» TASK STATEMENT
The pictures are to be left out when the listing below is reproduced word for word.

» RECORDED INFORMATION
[Start of Attachment]
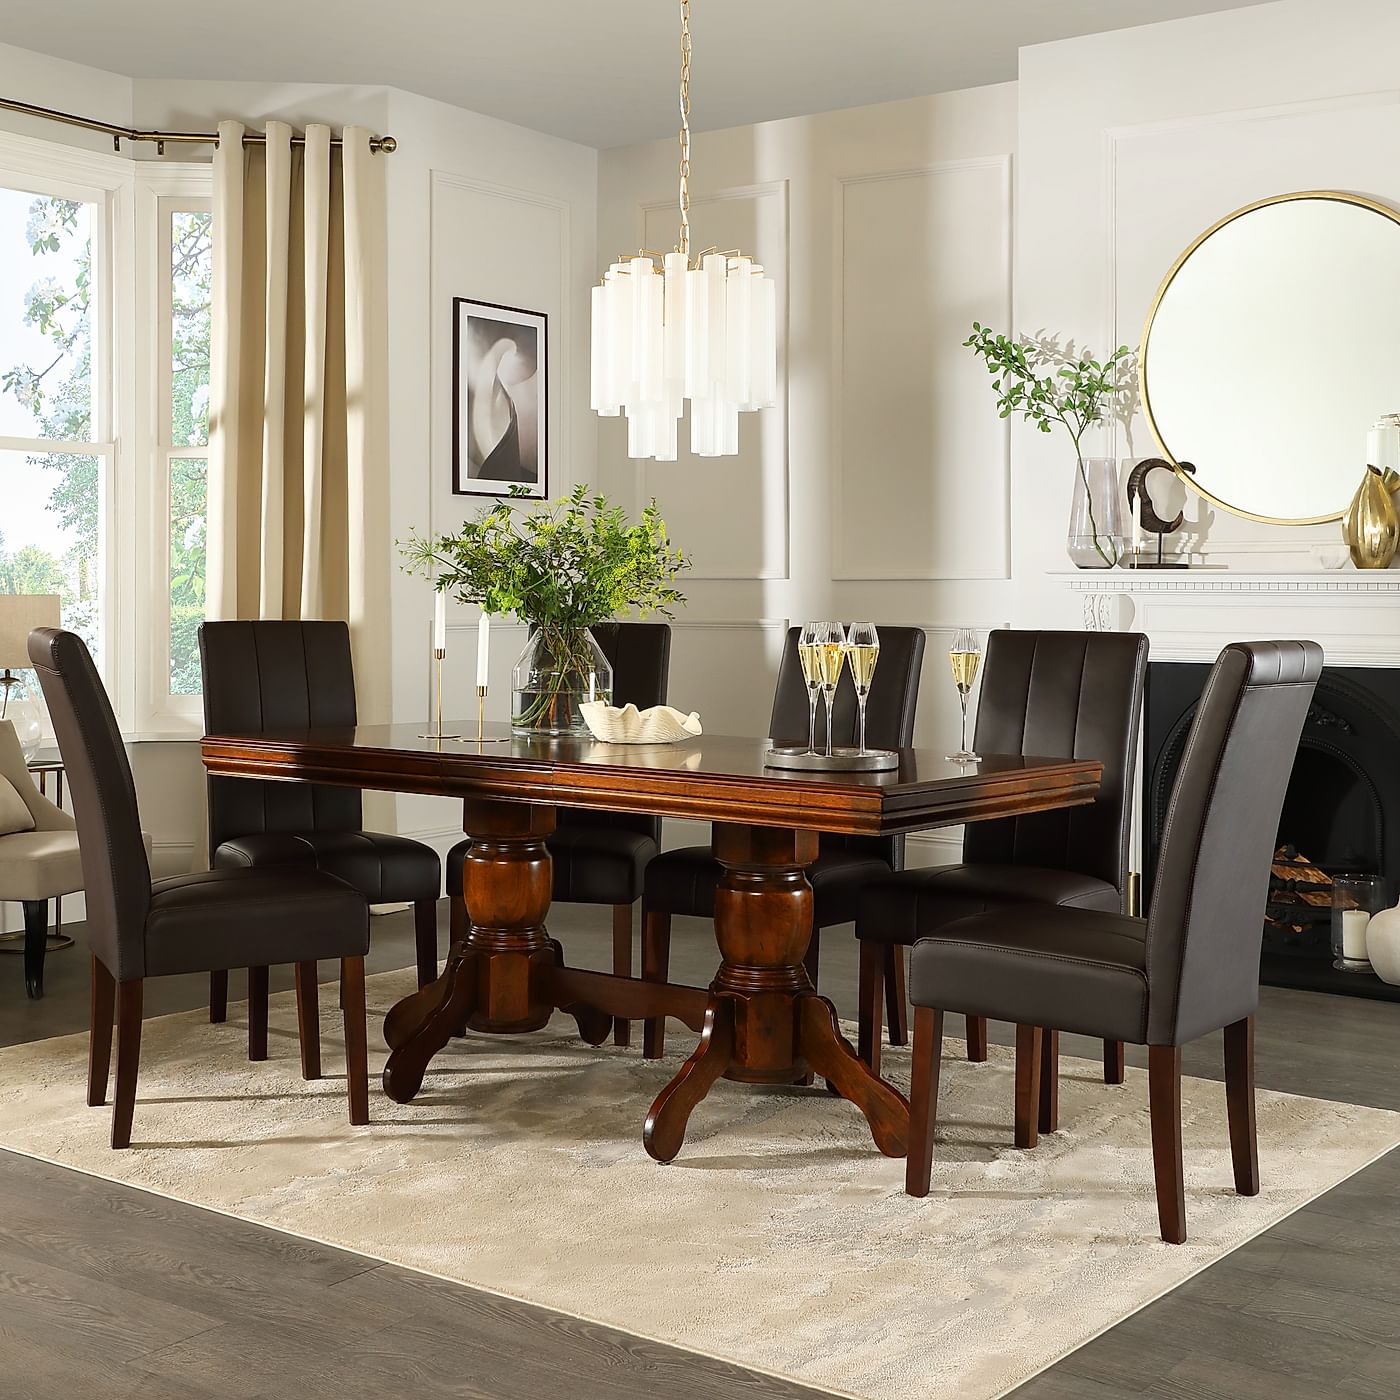 Chatsworth Dark Wood Extending Dining Table with 6 Carrick Brown
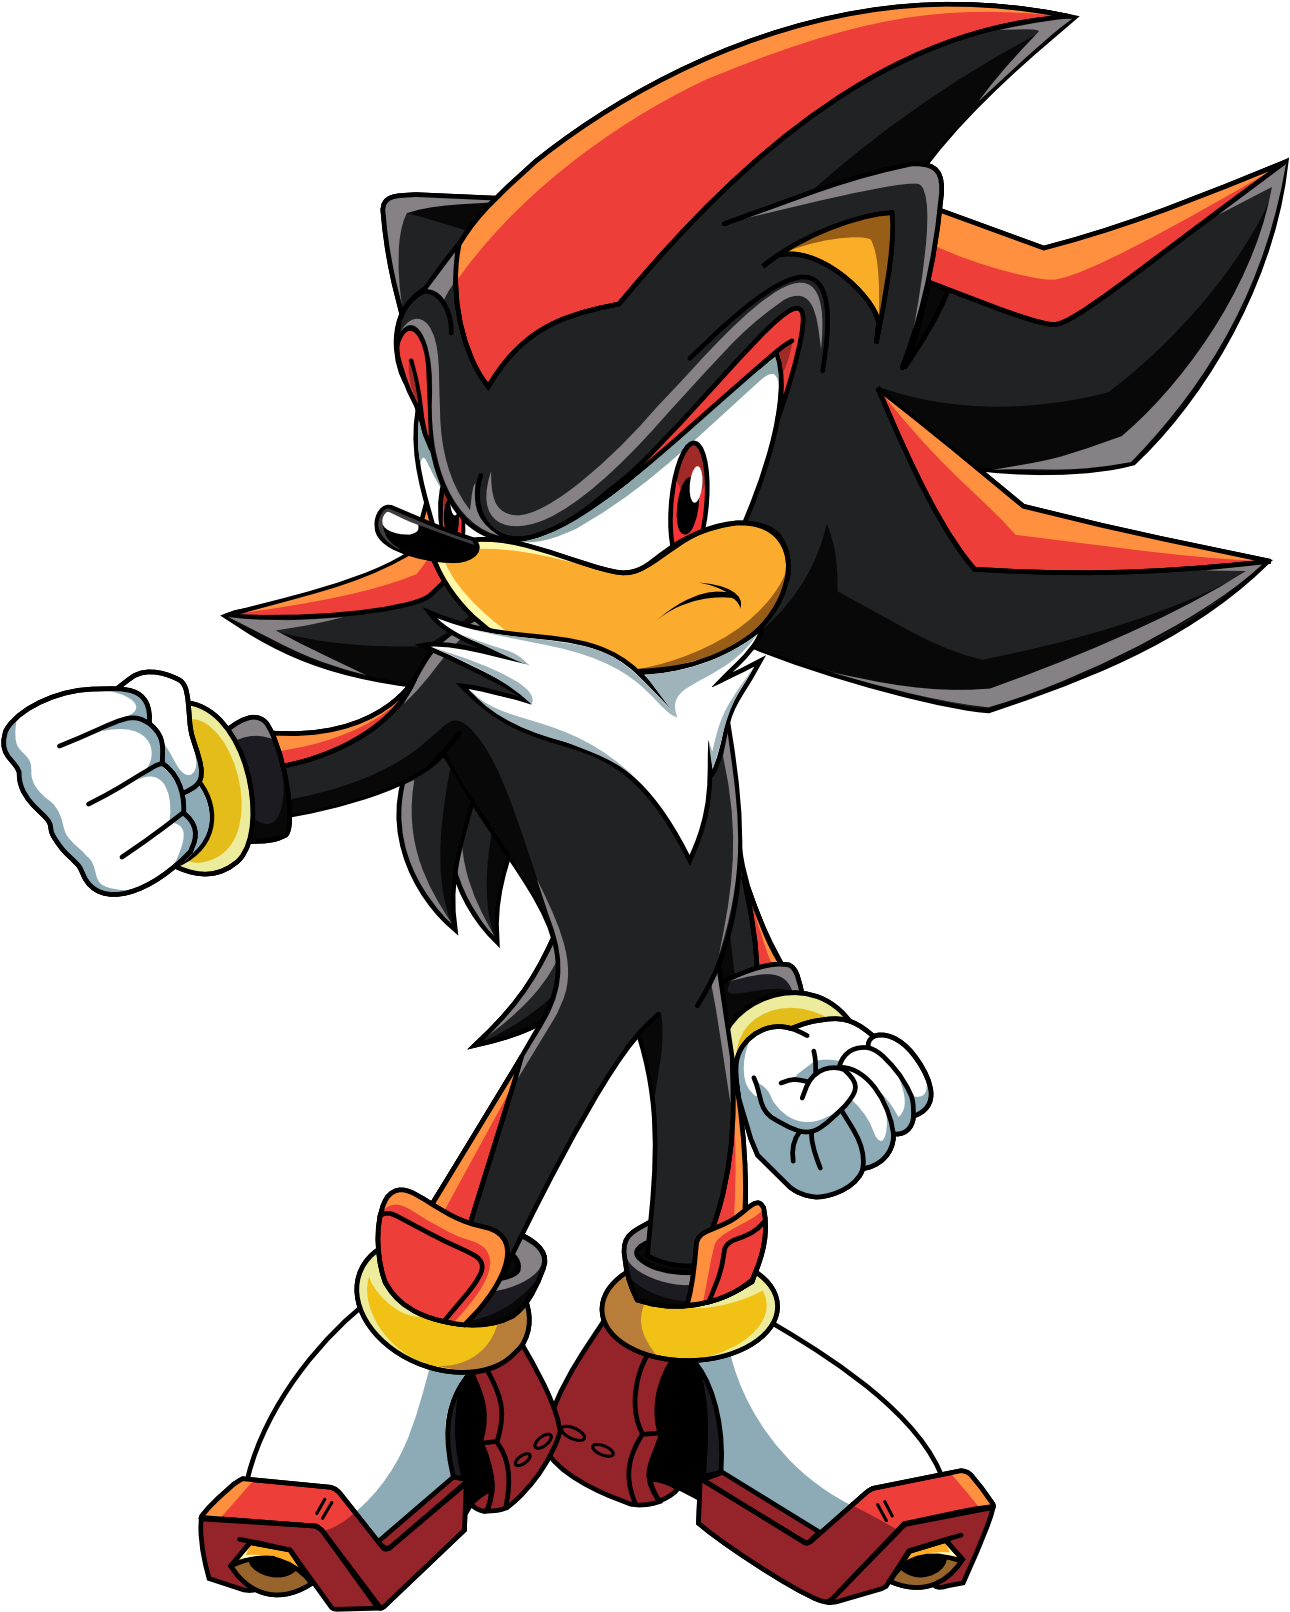 Johsouza Images Shadow The Hedgehog Sonic X Hd Wallpaper Imagenes De Shadow De Sonic X 2904315 Hd Wallpaper Backgrounds Download
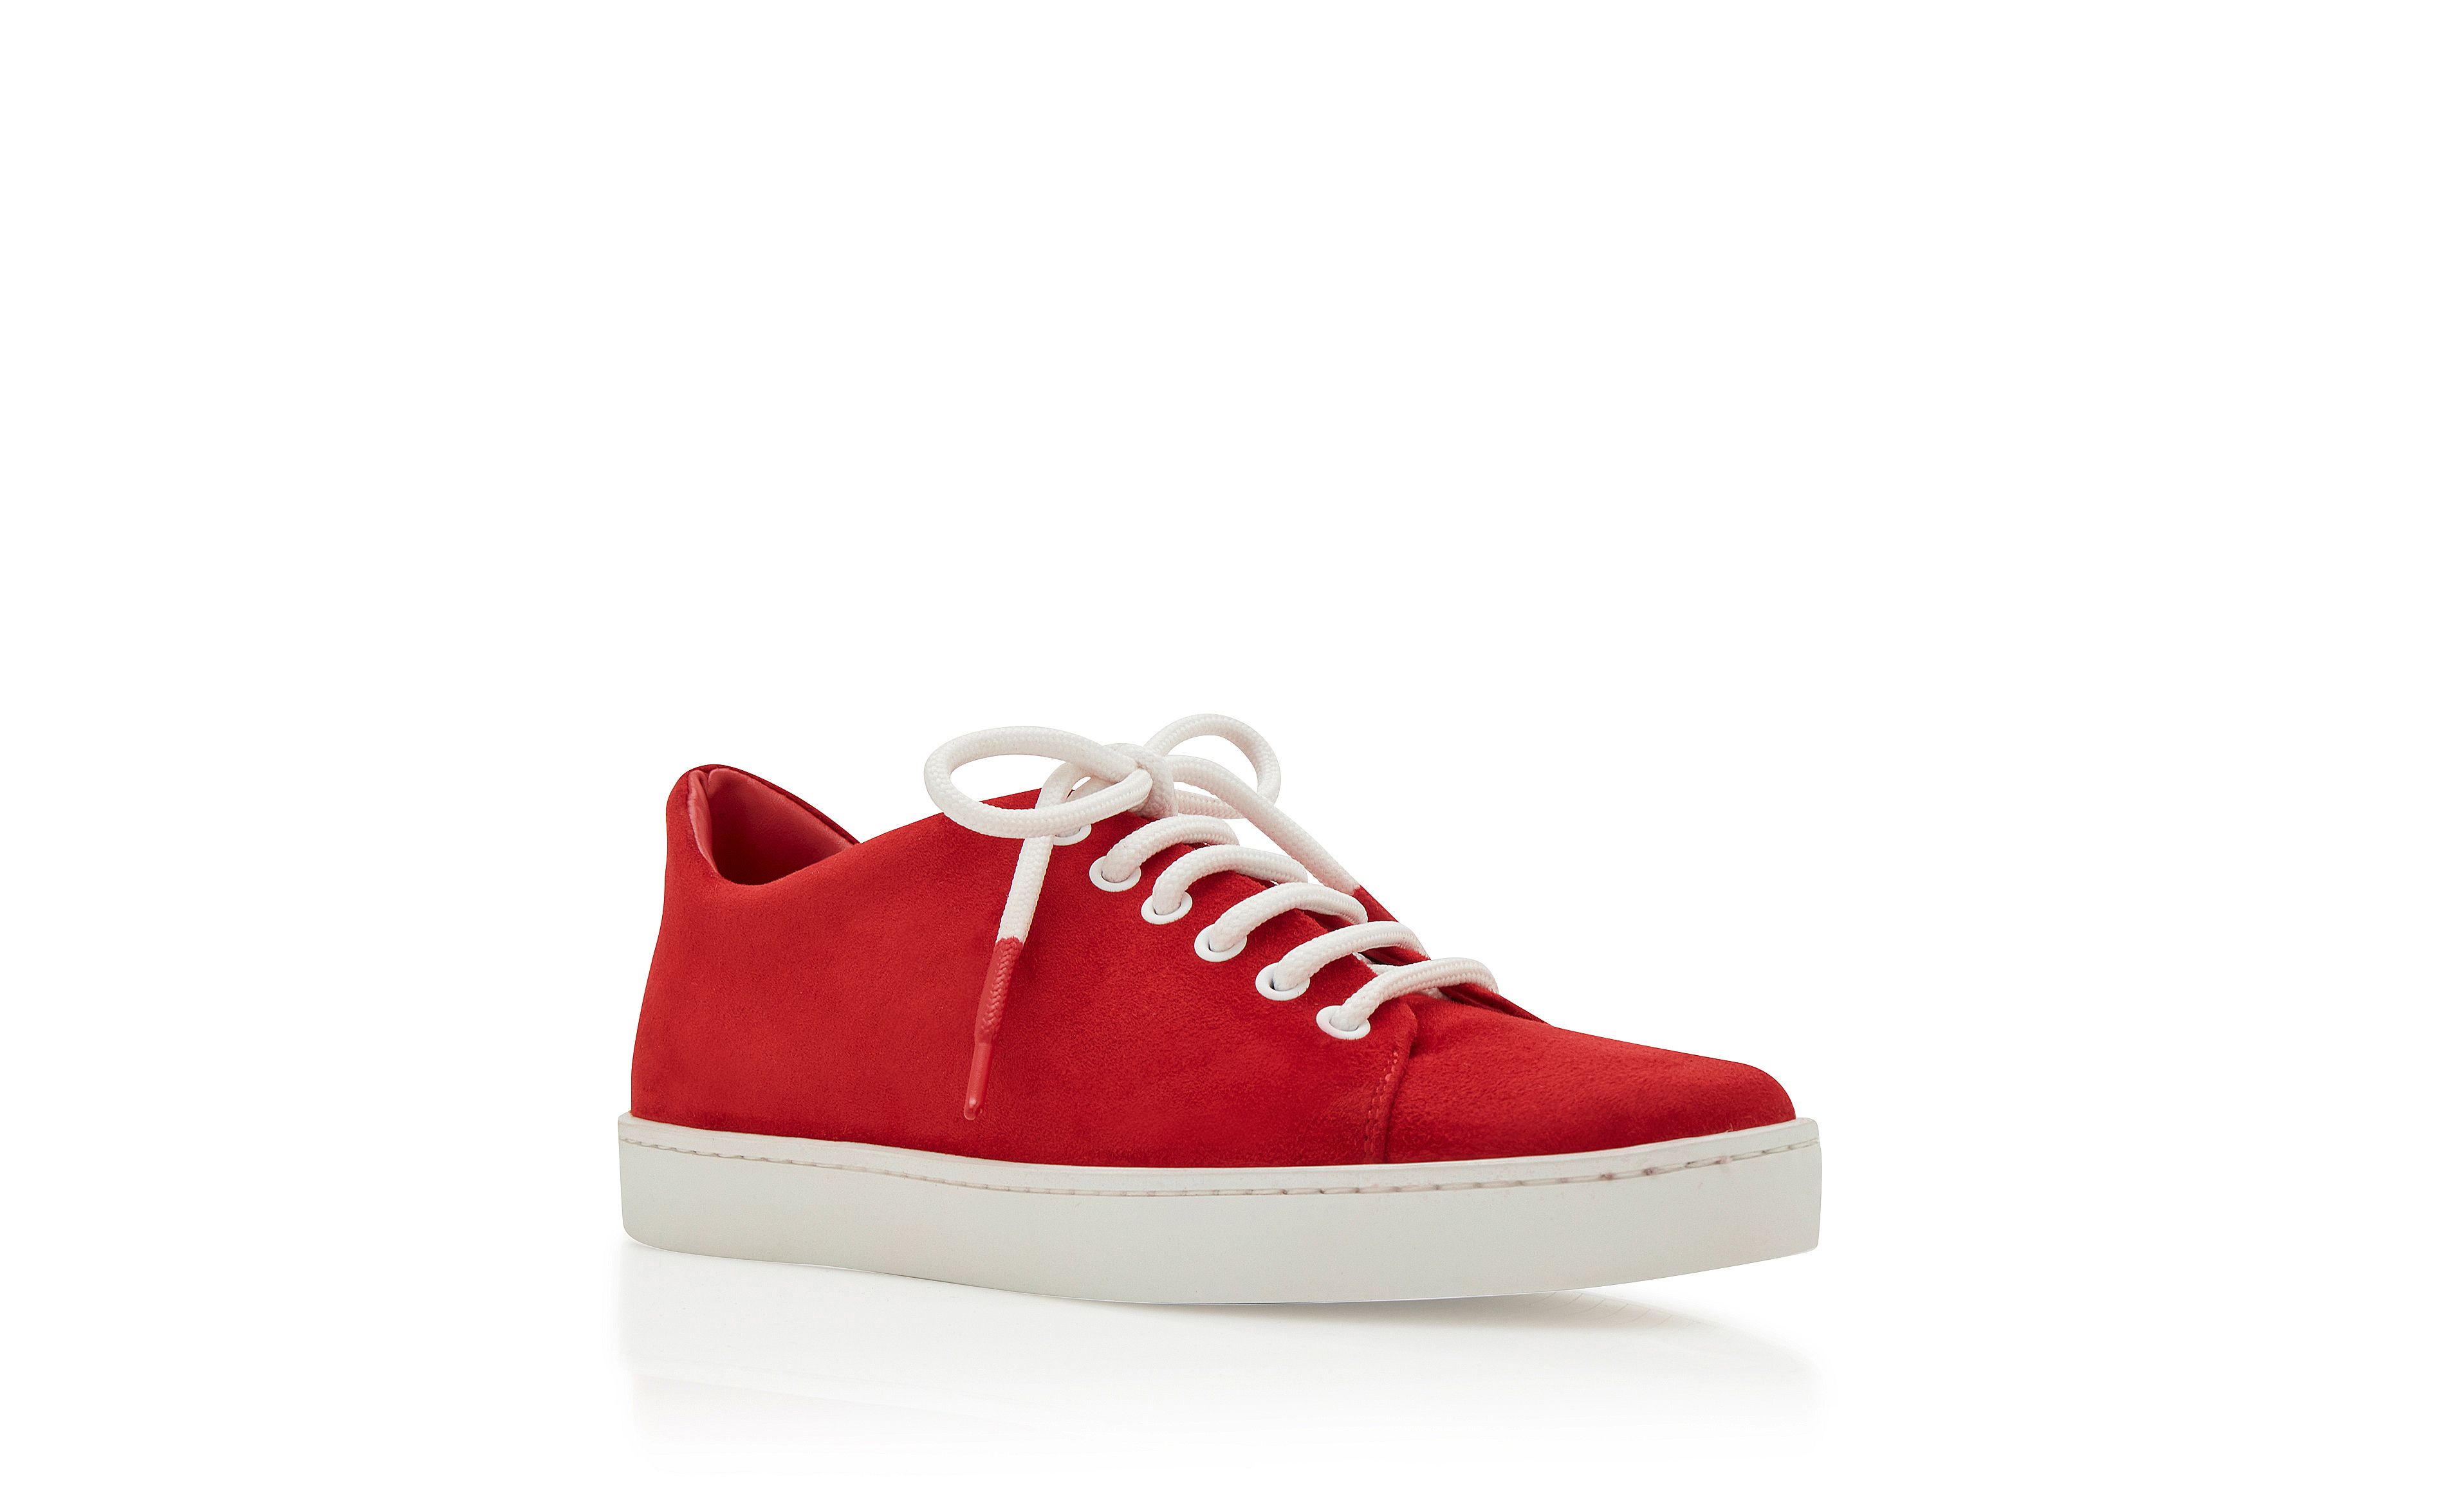 Designer Red Suede Low Cut Sneakers - Image Upsell
[End of Attachment]
» RESULT BELOW
 Chatsworth Dark Wood Extending Dining Table with 6 Carrick Brown
 Johsouza Images Shadow The Hedgehog Sonic X Hd Wallpaper Imagenes De Shadow De Sonic X 2904315 Hd Wallpaper Backgrounds Download
 Designer Red Suede Low Cut Sneakers - Image Upsell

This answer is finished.